As I mentioned in April, I've seen that consumers really love our brand. We can build on that and continue to create more distance between us and others. We don't believe anyone else has the quality of ingredients that drives great taste like we have and now our marketing will lean into that to increase awareness and remind customers why they fell in love with Chipotle. We also have an excellent value proposition that we can enhance across all day parts. And our new restaurant economics today are very strong.
We have built a solid foundation and made progress in digital we expect to accelerate in the coming months. Our second make line is a significant competitive advantage that enables throughput and efficiency that enhances our economic model going forward. And finally, I'm very proud of the passionate people we have working in or supporting our roughly 2,500 restaurants that are responding enthusiastically to our new strategy. However, I also found that we have some gaps that we are actively addressing. There was a lack of discipline around priorities, process and accountability and we were not sufficiently results focused, which made us reactive and hampered execution.

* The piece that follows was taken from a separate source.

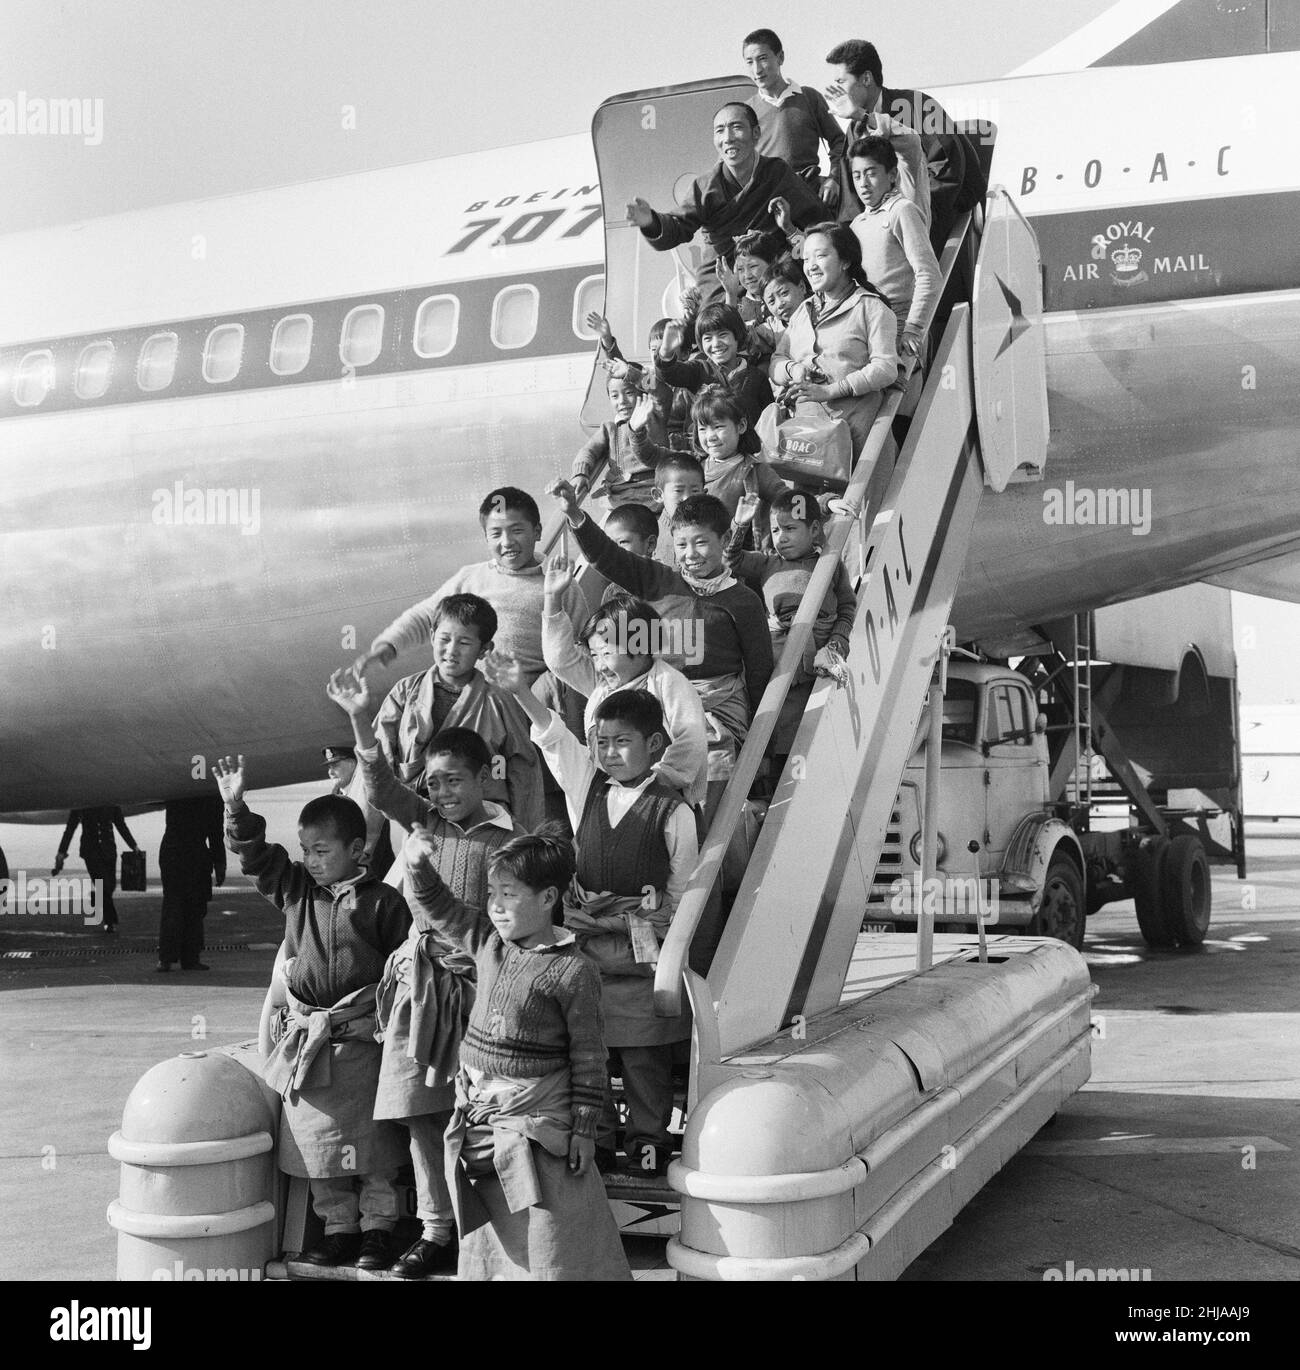 21 tibetische Flüchtlingskinder landen am Dienstag, den 26th. Februar 1963, auf dem Flughafen London Heathrow. Ein BOAC Airliner bringt die dreizehn Jungen und acht Mädchen aus einem Flüchtlingslager in Nordindien nach Großbritannien. Viele sind jetzt verwaist, die Kinder sind vor der chinesischen Besatzung und Verfolgung geflohen. Unsere Bildershow ... tibetische Flüchtlinge posieren für Fotos, während sie das Flugzeug verlassen. Die Kinder sollen in das Pestalozzi Village for Children in Sedlescombe, East Sussex, verlegt werden, das in den nächsten zehn Jahren ihr neues Zuhause sein wird. Die Gemeinde ist nach dem Schweizer Pädagogen des 18. Jahrhunderts Johann Heinri benannt Stockfoto

I found skills gaps in many areas and insufficient data for decision making that have held us back from reaching our potential. There was no validated menu innovation pipeline, a general lack of customer understanding and no real process for scaling and commercializing innovation. And as you've heard me say before, the brand had been silent and lost some of its cultural relevance. I found that our marketing dollars had been inefficiently allocated and we are working quickly to correct that. And lastly, in our restaurants, our throughput remains below potential and we need to move consumers through the line more quickly and deploy technology to help us do that.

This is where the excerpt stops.